As a former businessman, I’m pretty decent with coding, so I created a macro that automatically types out, “Federal Judge Issues Restraining Order Against Trump’s Plan to… [fill in the blank.]”
All right, I’m exaggerating, but I could have — I feel not a day goes by when a jurist doesn’t come along and, as RedState’s Bonchie likes to say, “jump in off the third rope” to kneecap a Trump initiative. It was quite surprising, then, when news broke Tuesday evening that a D.C. federal judge declined to block construction on the Trump ballroom, despite the lawsuit from an activist group, the National Trust for Historic Preservation.
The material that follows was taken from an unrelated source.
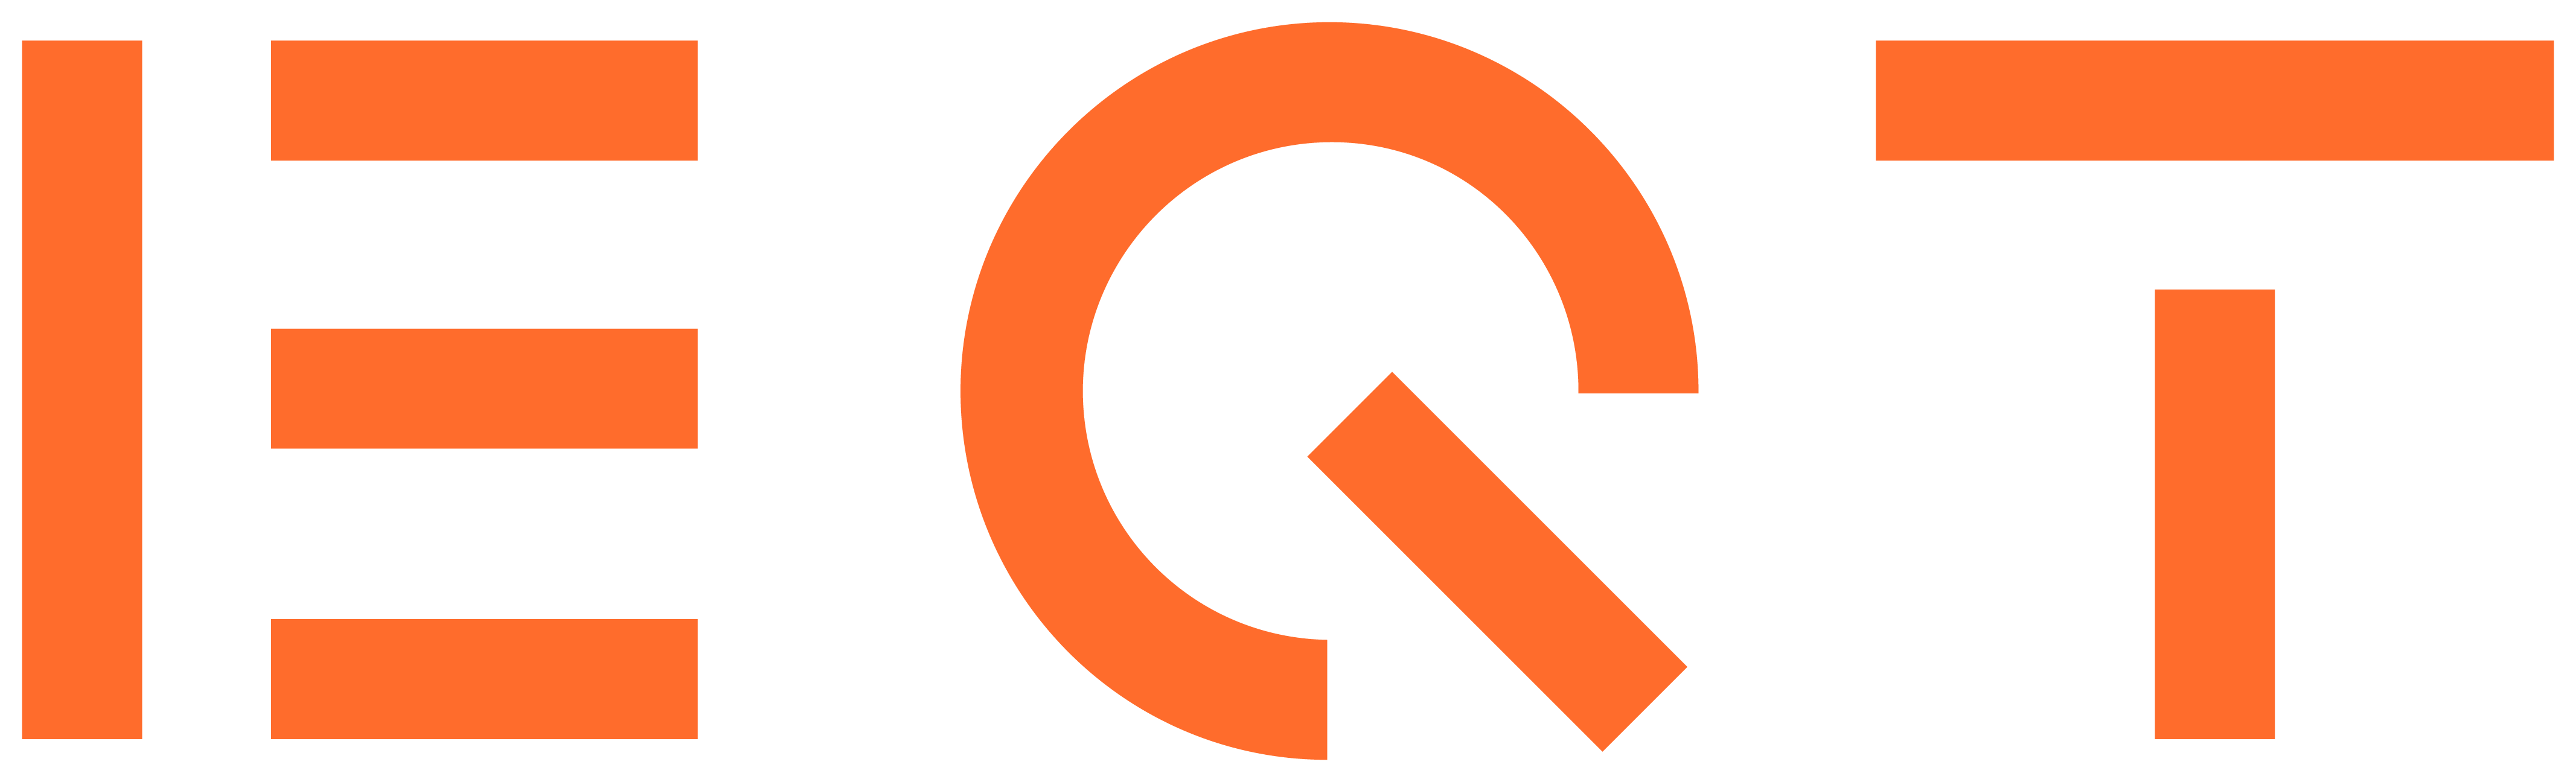 EQT_(Unternehmen)_logo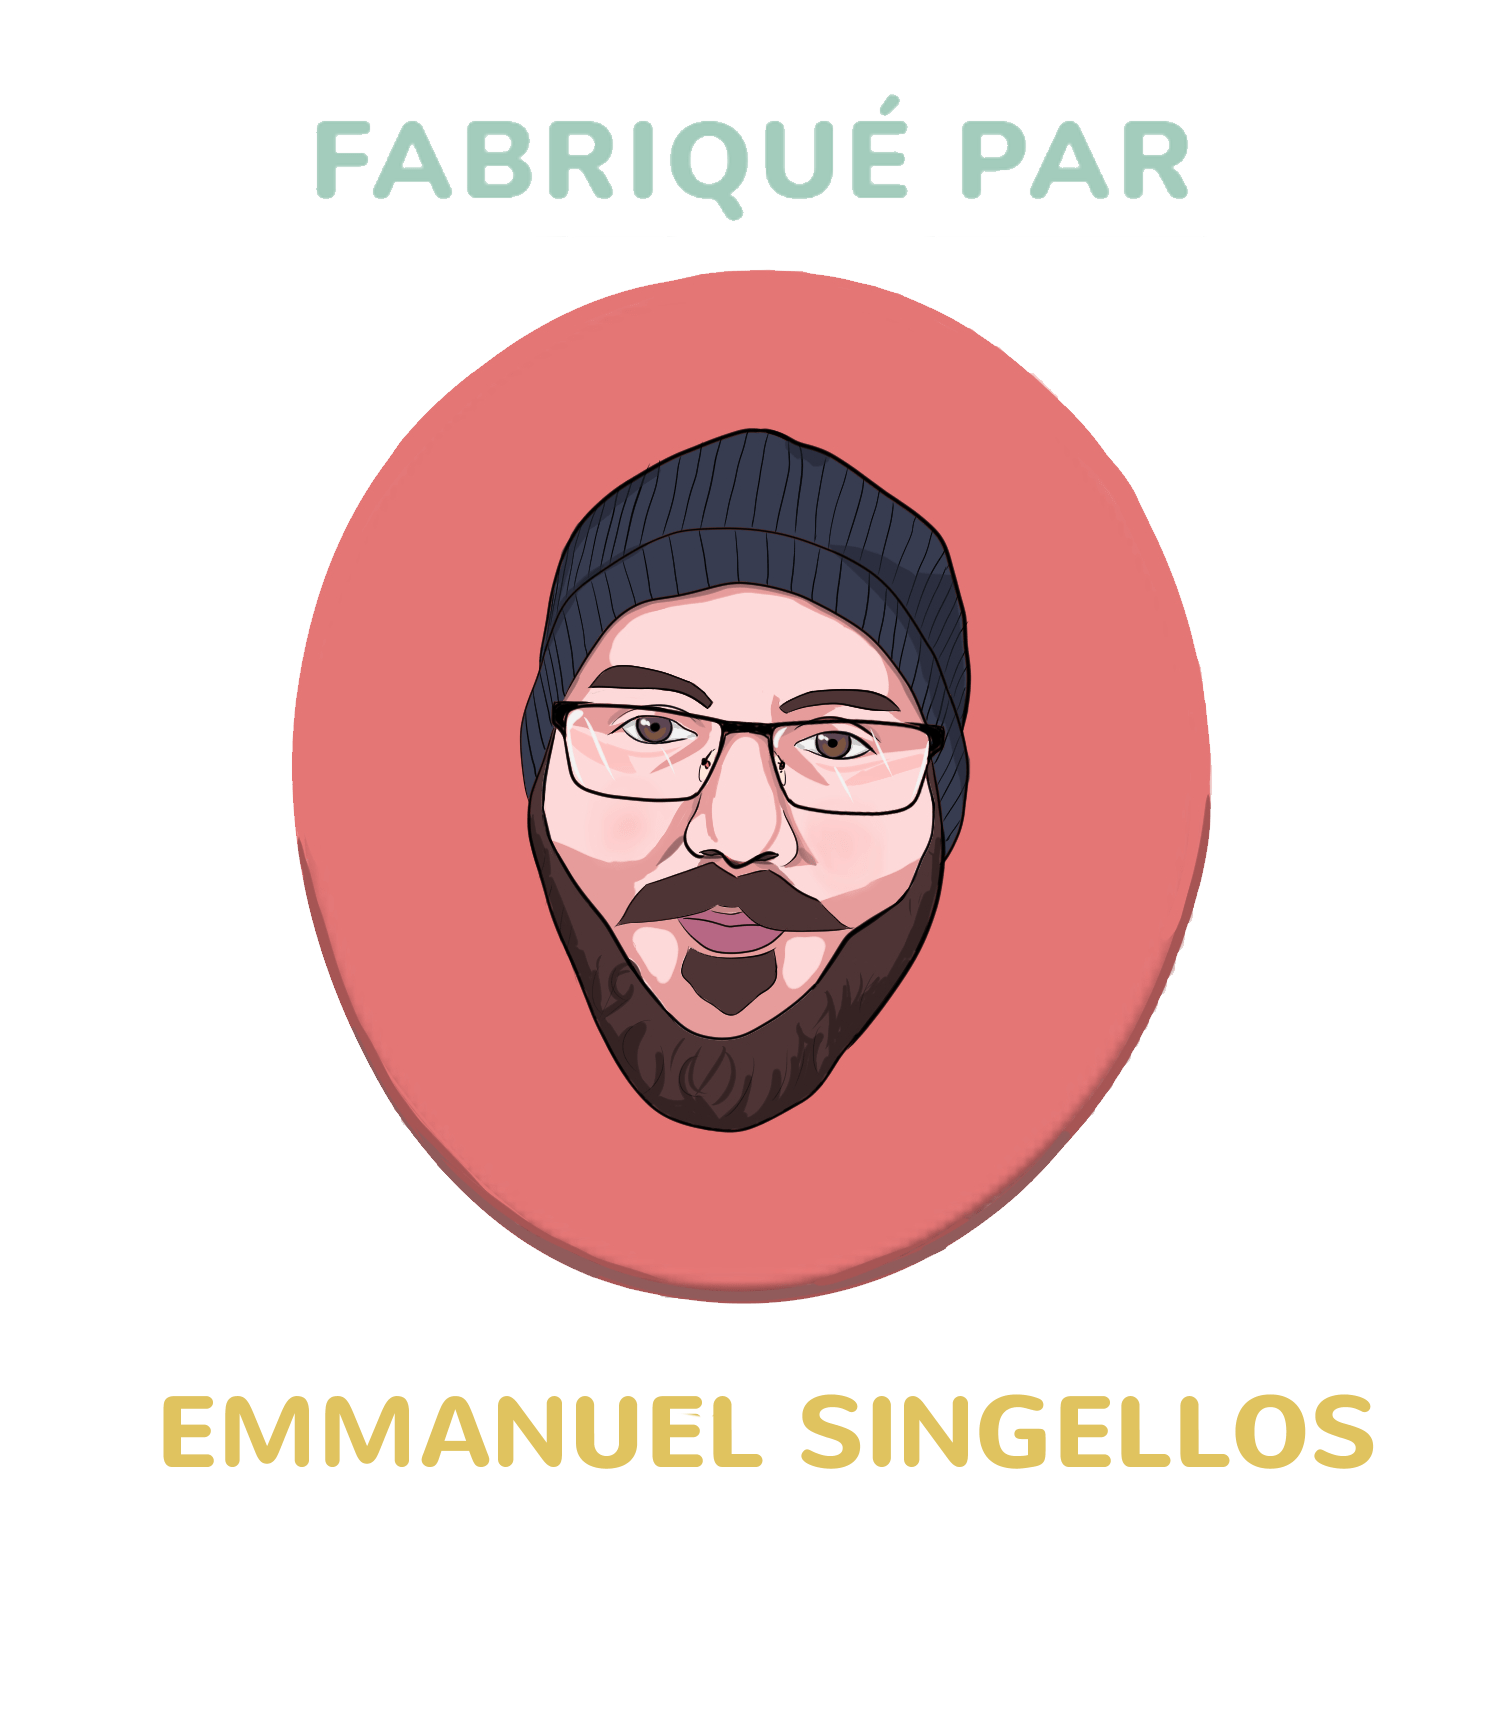 Emmanuel Singellos

They declared that the administration broke ground before plans were submitted to the National Capital Planning Commission and did so without consulting Congress.
It wasn’t enough to move U.S. District Judge Richard Leon, a George W. Bush appointee, at least for now:
A federal judge on Tuesday turned down preservationists’ request to halt President Donald Trump’s $300 million White House ballroom project, concluding that allowing below-ground construction to continue in the coming weeks was unlikely to produce irreparable harm to those opposed to the plan.
U.S. District Judge Richard Leon denied the National Trust for Historic Preservation’s request for a temporary restraining order, but said he would hear arguments early next year about whether to issue a longer-term preliminary injunction against the project.
Attorney General Pam Bondi celebrated the win, even if there are more battles to come in the case:
We will continue defending the President’s project in court in the coming weeks.
As I mentioned, the battle isn’t over, and the administration will need to provide updates to the judge on schedule:
The Trump administration told U.S. District Judge Richard Leon on Tuesday that within the next “two weeks” it expects to meet with the National Capital Planning Commission and the Commission of Fine Arts to review plans that Justice Department attorney Adam Gustafson told the court were not yet finalized.
Tad Heuer, the national trust's attorney, quipped that with this administration, “It’s always going to happen in the next two weeks.”
“The court will hold them to that,” the judge responded. “They have until the end of this month.”
The Left acts as if Trump is the first president to ever think of modernizing and renovating the White House, but it's not so:
Now Trump and private donors are paying to make it happen.
It’s been pathetic to see leftists and Democrats whining about the cost of Trump’s massive ballroom — even though it’s entirely privately funded — even while Gov. Tim Walz of Minnesota was asleep at the wheel when hundreds of millions of dollars were defrauded from federally funded nutrition programs run by the state. California Gov. Gavin Newsom, meanwhile, criticizes the ballroom project in his endless mean tweets, but he himself is unaware or unwilling to reveal how much a massive state capitol project is costing taxpayers, even though it’s being built right down the street from his office.
The court proceedings over the big project will continue, but it was nice for one day at least to write that a federal judge actually declined an opportunity to derail the duly elected president’s agenda. As my grandmother might have said, "Wonders will never cease.”